#### Data supplied
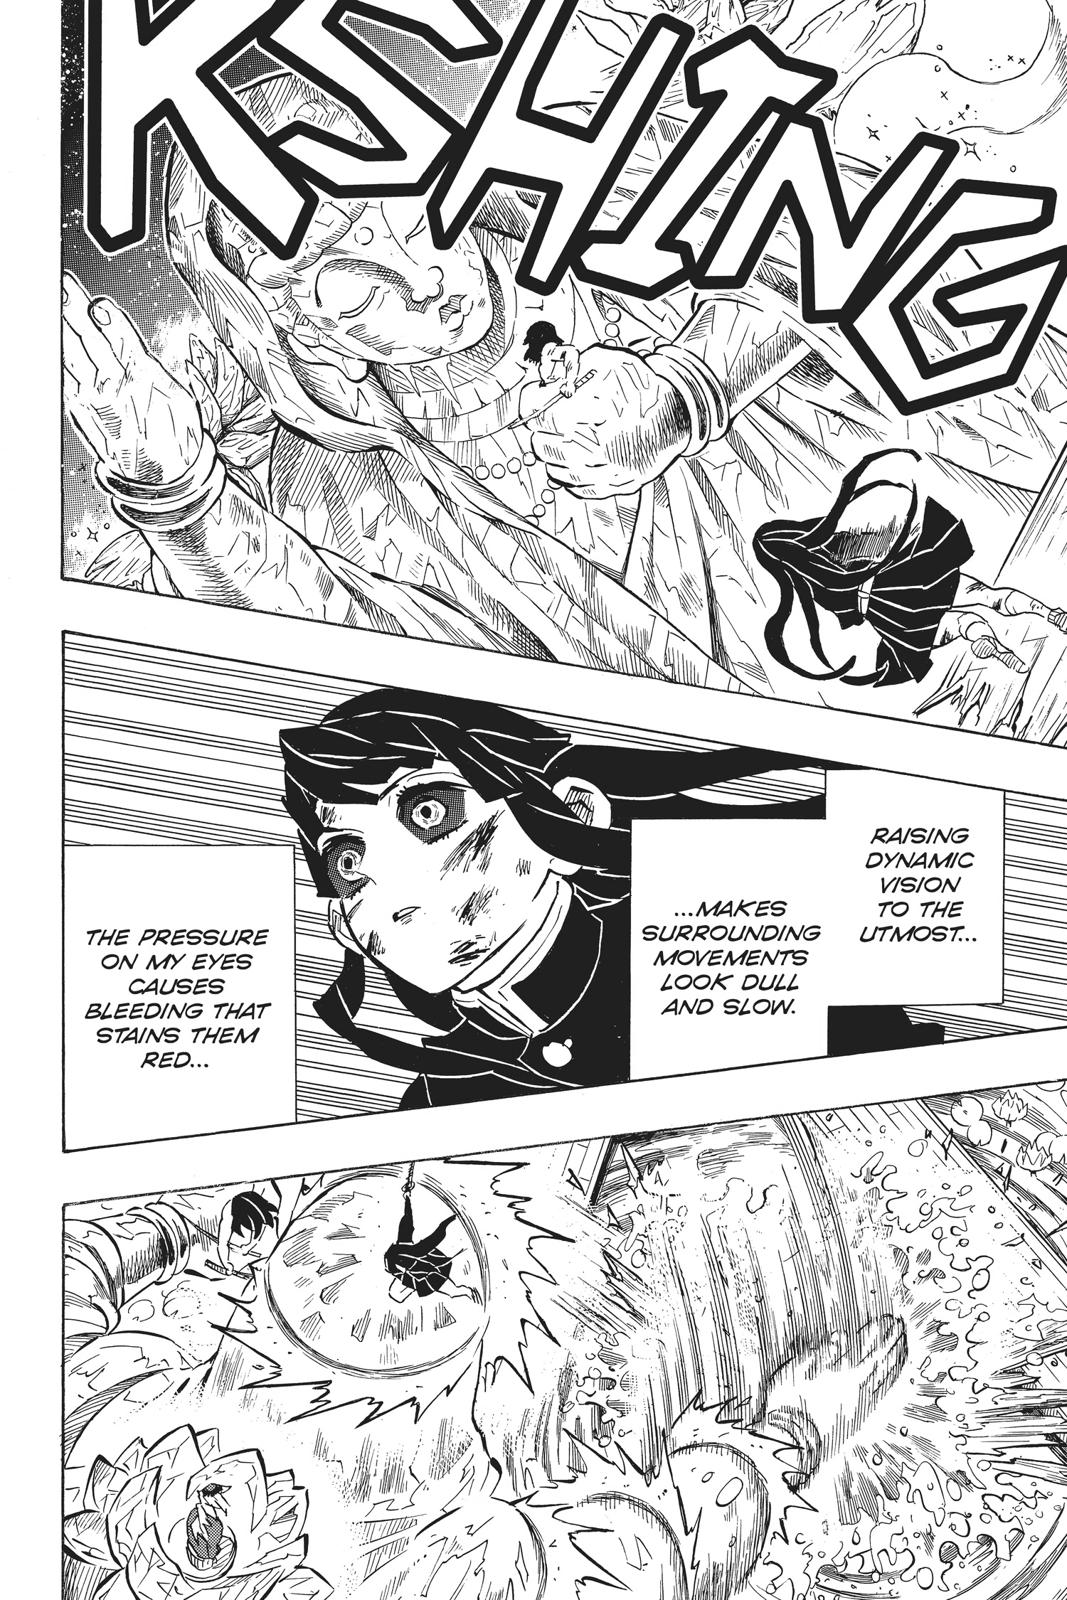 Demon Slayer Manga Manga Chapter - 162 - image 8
########
#### Data supplied
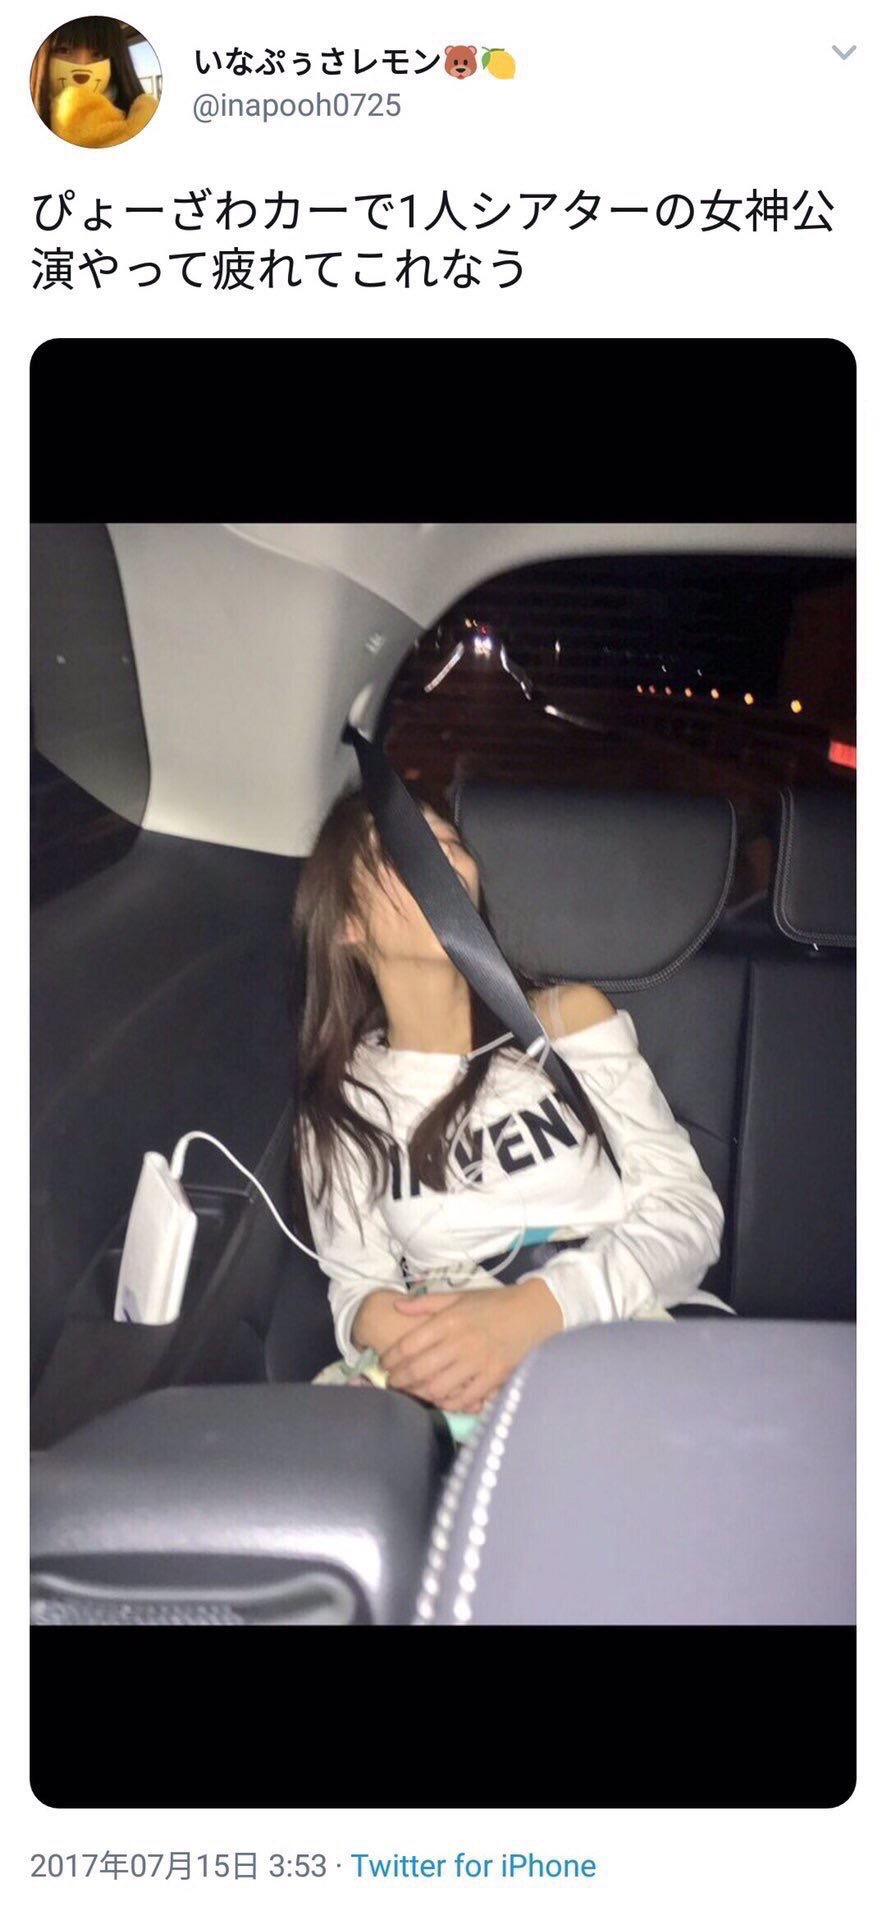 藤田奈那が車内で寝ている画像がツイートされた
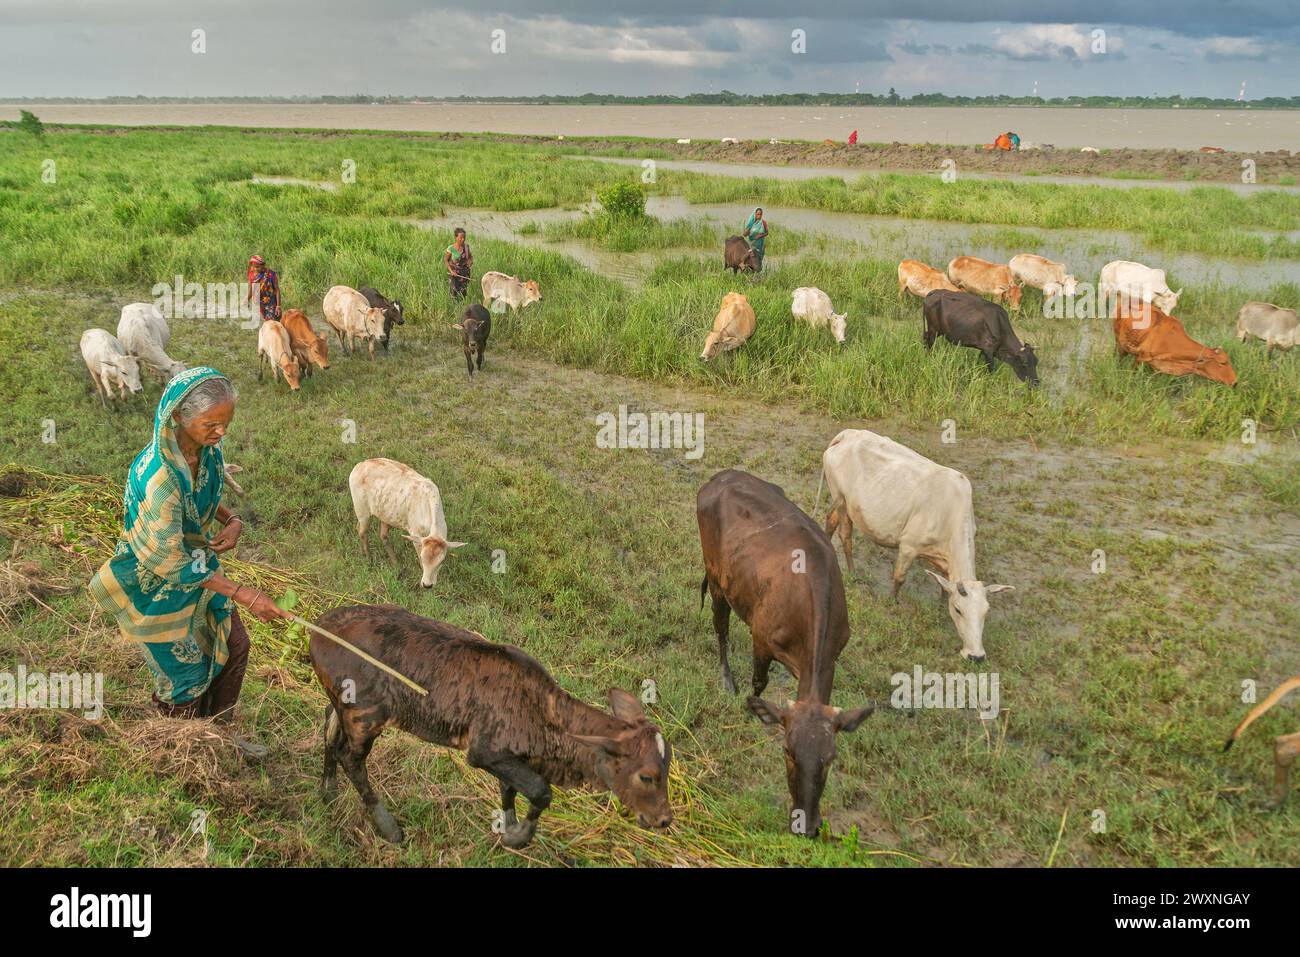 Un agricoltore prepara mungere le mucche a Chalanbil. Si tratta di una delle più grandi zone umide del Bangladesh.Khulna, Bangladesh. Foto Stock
########
*Your instructions:*
Return only the stretch above from the line containing "藤田奈那が車内で寝ている画像がツイートされた" through the line containing "Un agricoltore prepara", word for word and without pictures.

*Task result:*
 藤田奈那が車内で寝ている画像がツイートされた
 Un agricoltore prepara mungere le mucche a Chalanbil. Si tratta di una delle più grandi zone umide del Bangladesh.Khulna, Bangladesh. Foto Stock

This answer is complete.